====== Given information ======

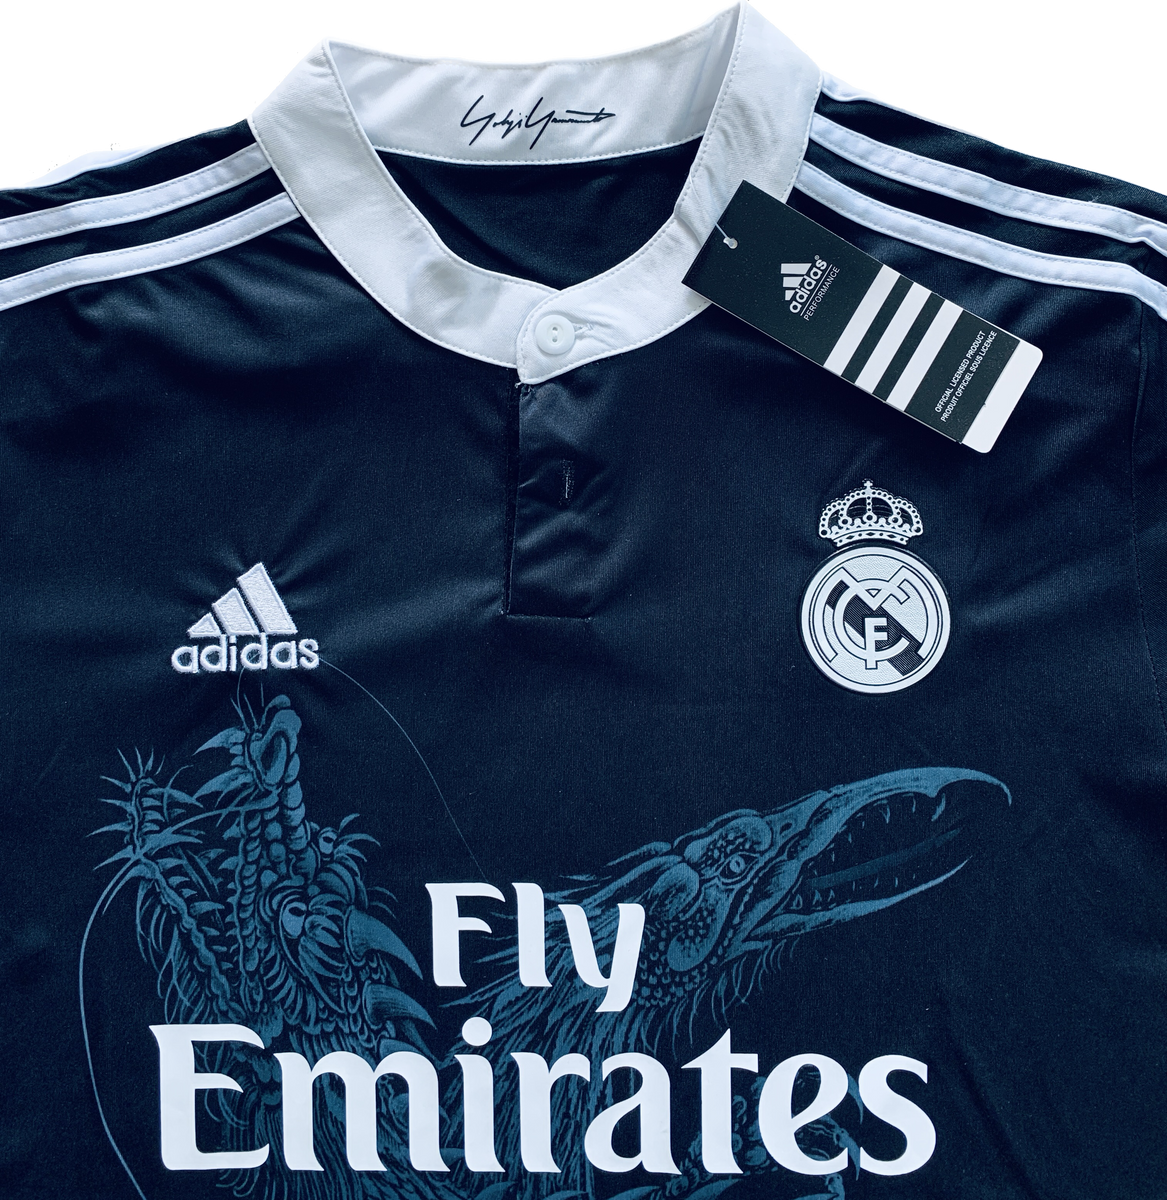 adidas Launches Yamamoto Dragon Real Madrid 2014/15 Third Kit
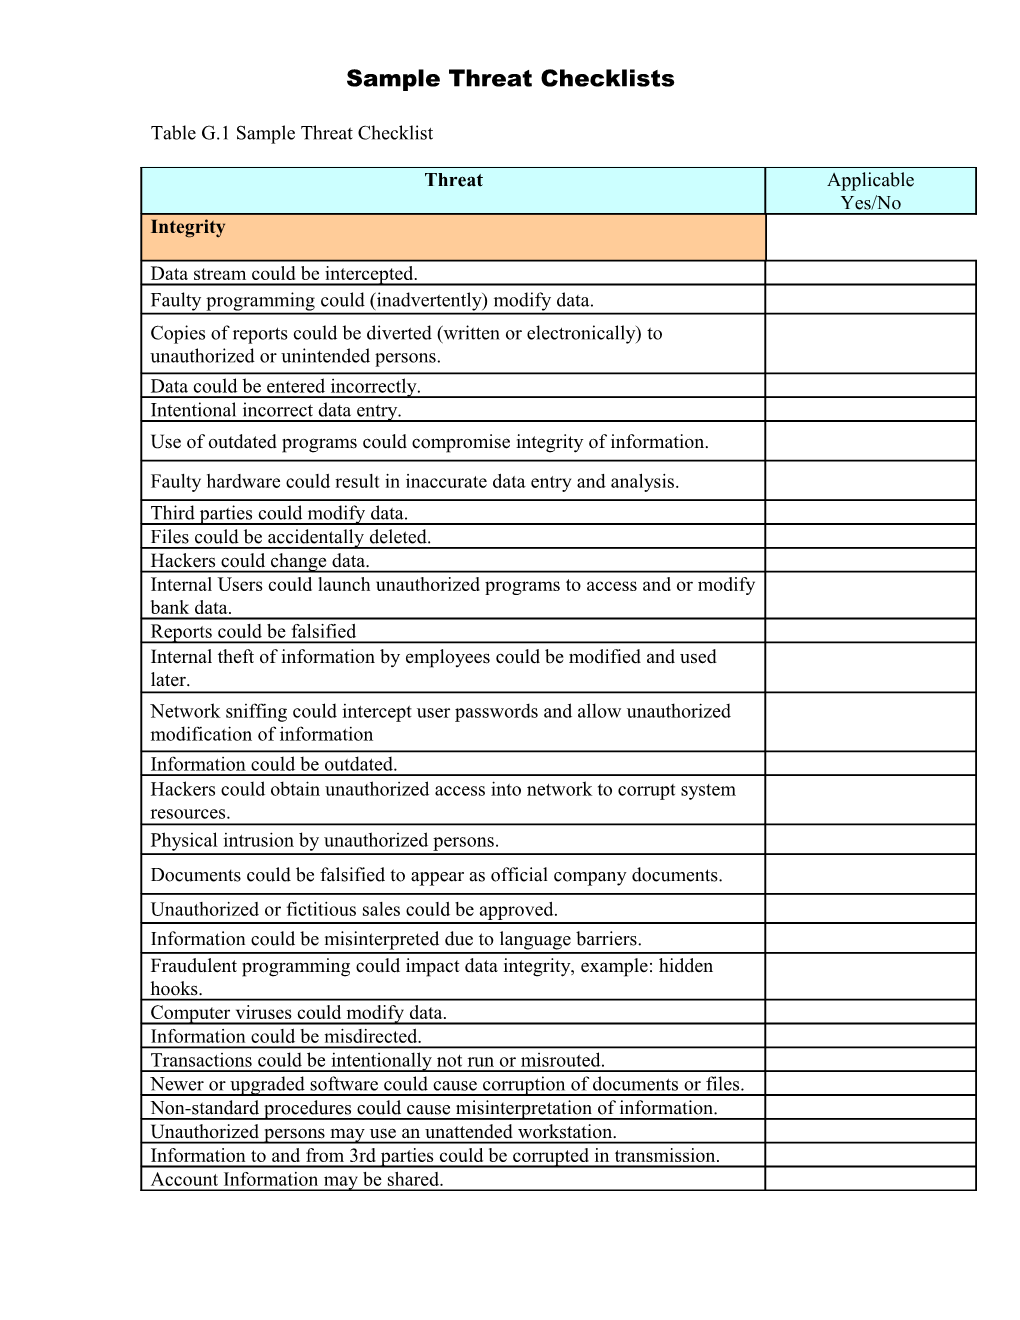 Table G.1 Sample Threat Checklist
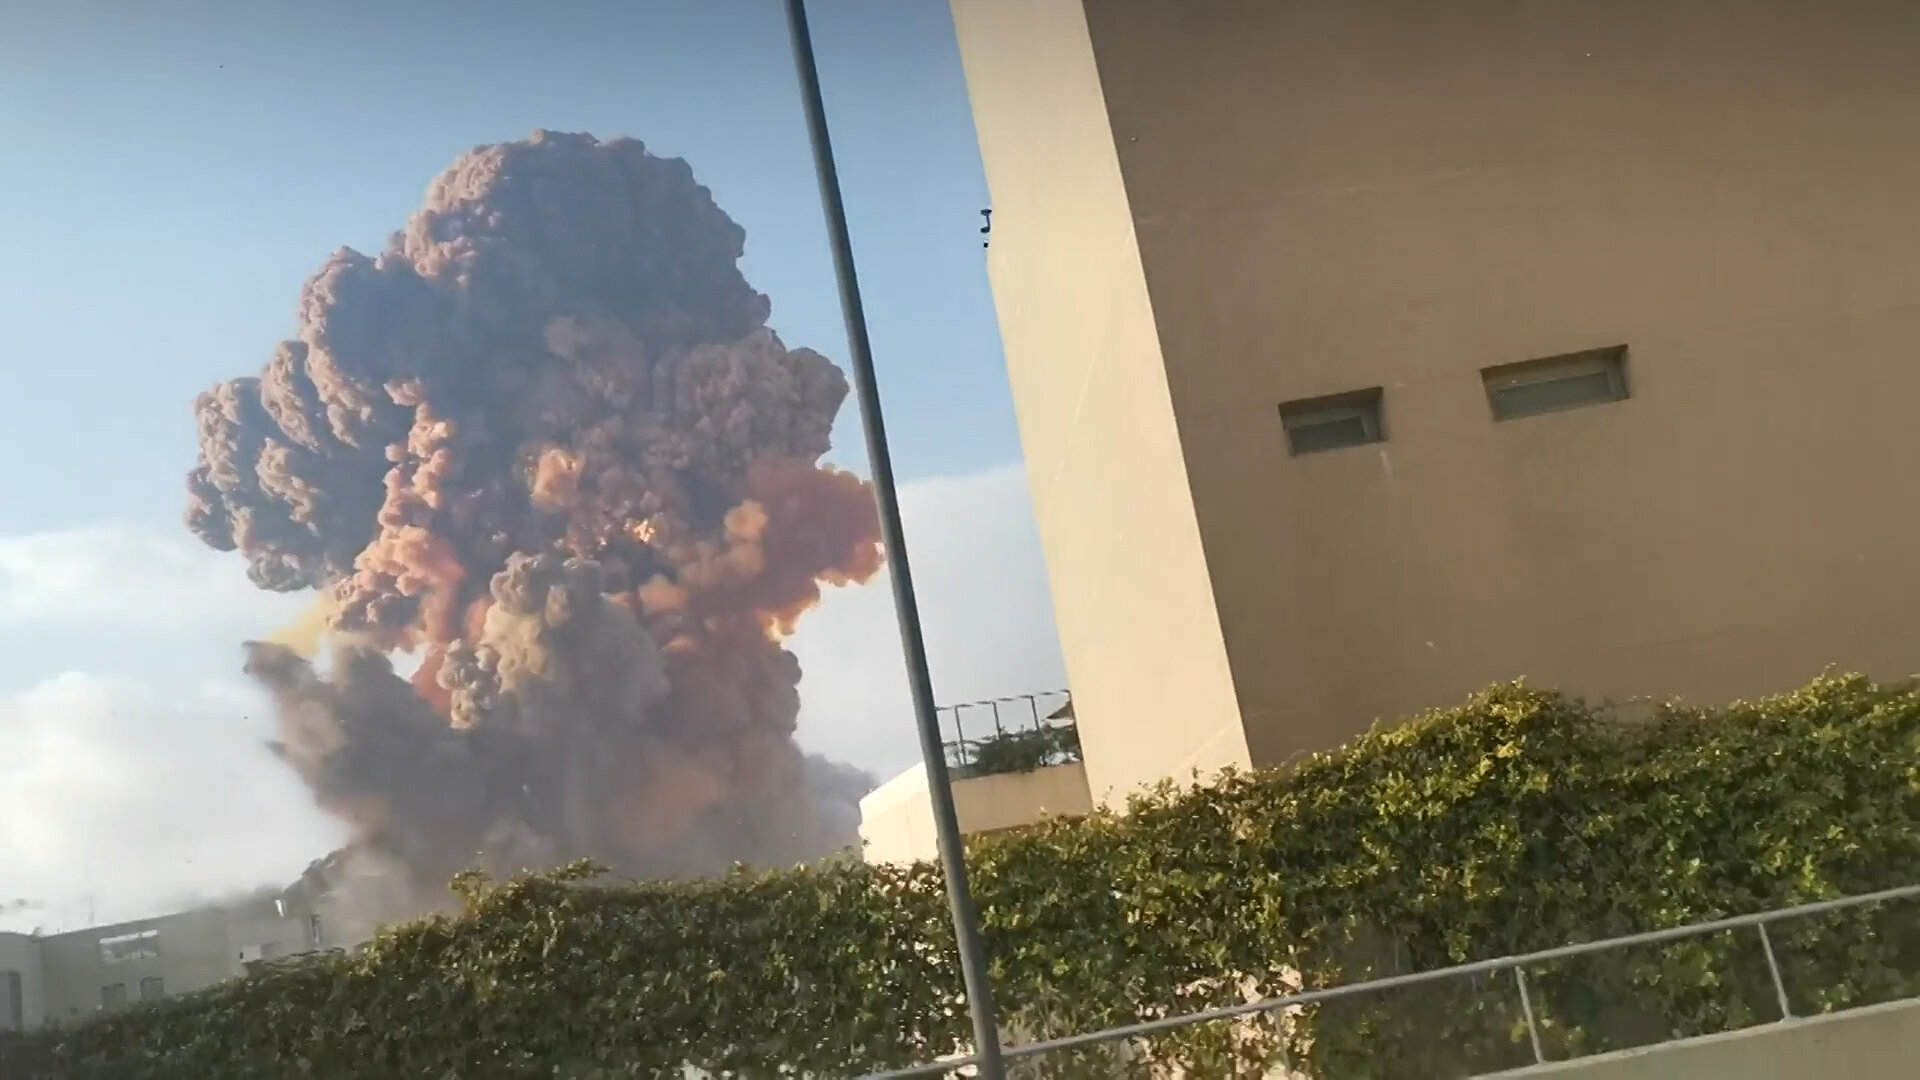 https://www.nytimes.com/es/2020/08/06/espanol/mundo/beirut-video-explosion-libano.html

======

:: About this task ::
Leave the pictures aside. Set down exactly the lines from the one with "Table G.1 Sample Threat Checklist" through the final line of the listing above.

:: Written reply ::
 Table G.1 Sample Threat Checklist
 https://www.nytimes.com/es/2020/08/06/espanol/mundo/beirut-video-explosion-libano.html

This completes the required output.